In line with established case law, DC IP Lawyers stress the importance of naming only natural persons who have made substantial contributions as inventors. Any attempt to list AI systems or machines as inventors will be deemed improper by the USPTO, as reiterated in the Thaler v. Vidal case. The guidance highlights the need for a thorough inventorship determination, emphasizing that AI systems, though incapable of being named as inventors, can play a role in the invention process.

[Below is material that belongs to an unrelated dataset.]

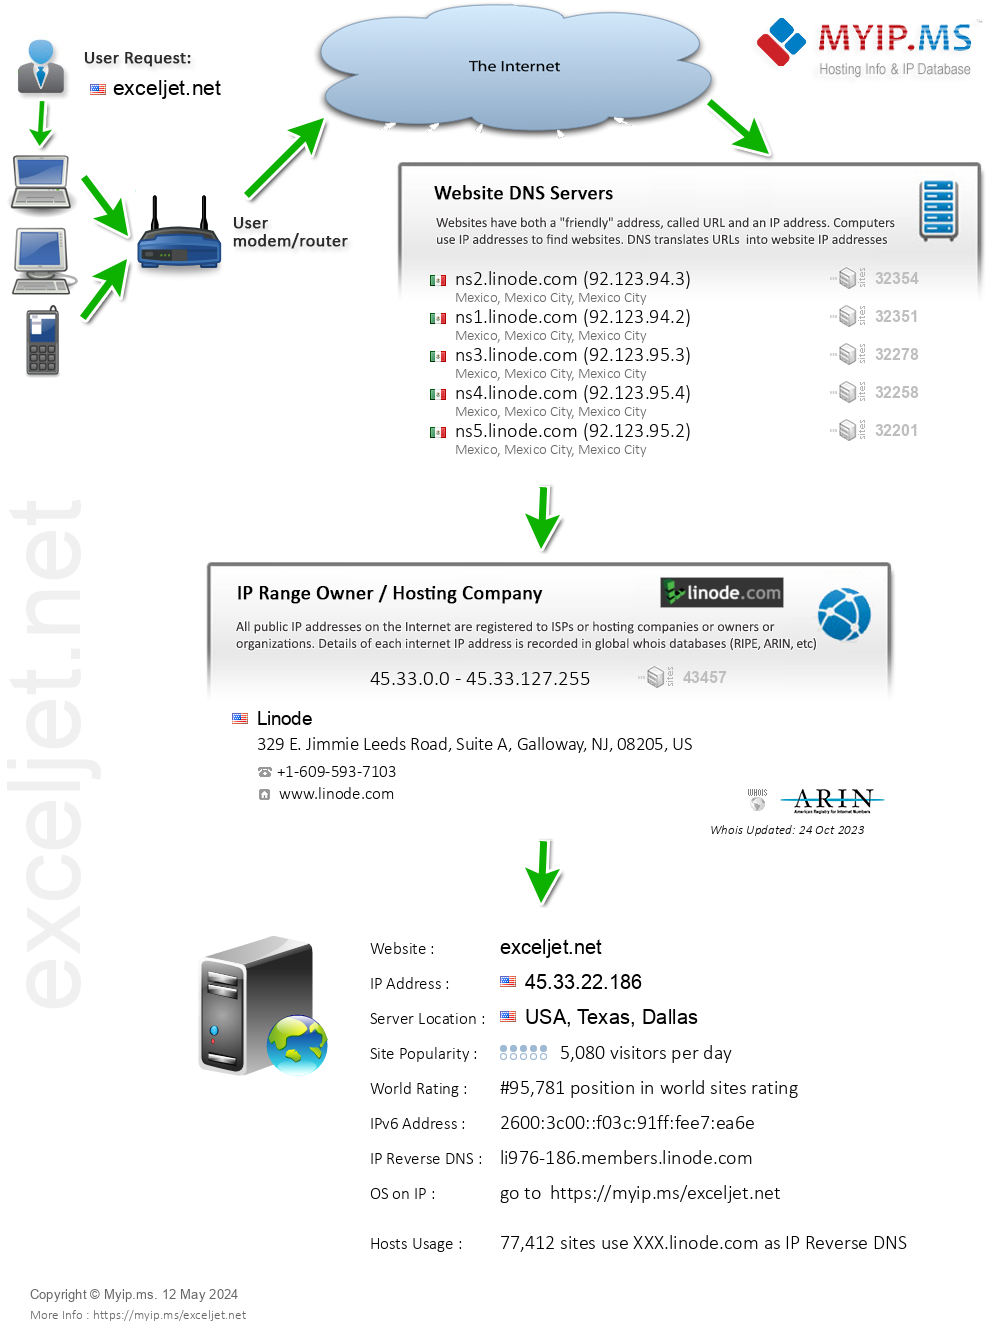 Exceljet.net - Website Hosting Visual IP Diagram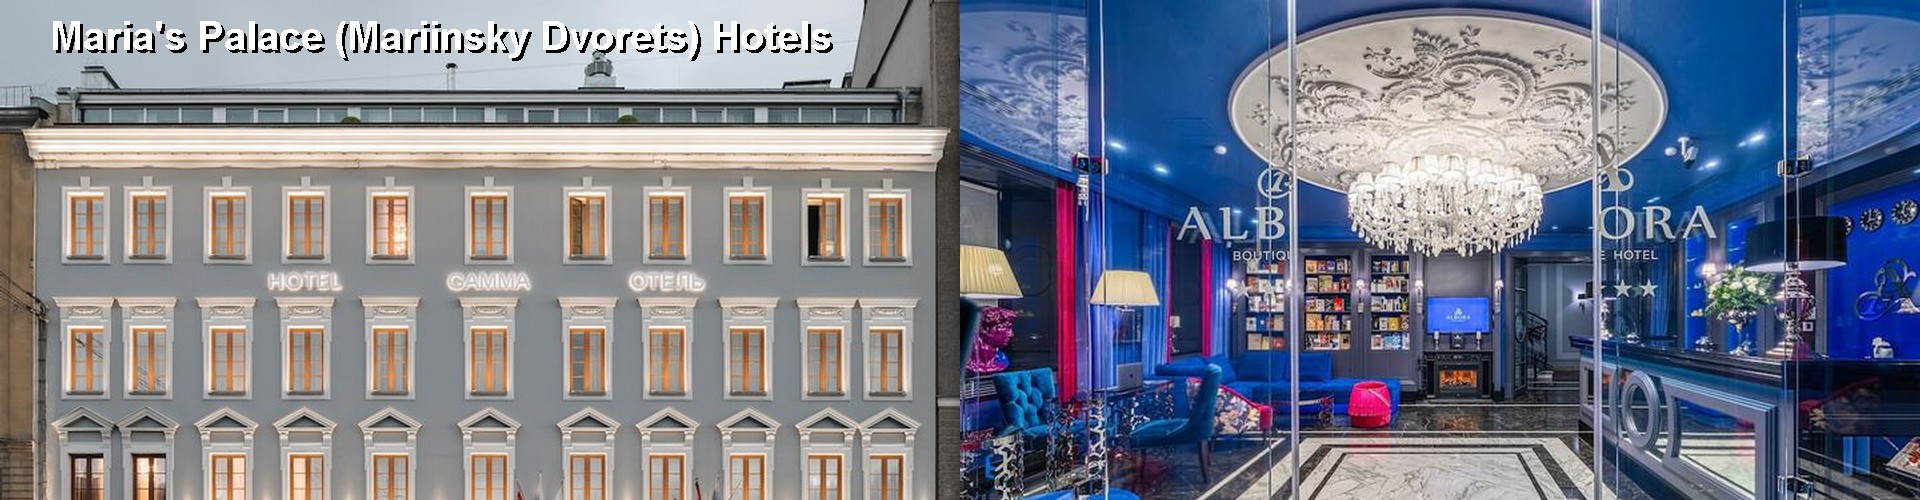 5 Best Hotels near Maria's Palace (Mariinsky Dvorets)

DC IP Lawyers draw attention to the obligation of patent practitioners to perform a reasonable inquiry into inventorship, particularly with AI-assisted inventions. The duty of candor and good faith extends to inventorship determinations, with practitioners required to disclose information that challenges inventorship claims. The guidance prompts practitioners to consider the ubiquitous nature of AI in the invention process and raises questions about whether detailed inventorship analyses will become a standard requirement, potentially altering current patent practice.

As users navigate the evolving landscape of AI-assisted inventions, DC IP Lawyers recommend open discussions with clients regarding proper inventorship and advise on the limitations surrounding the inclusion of AI systems as inventors in patent applications.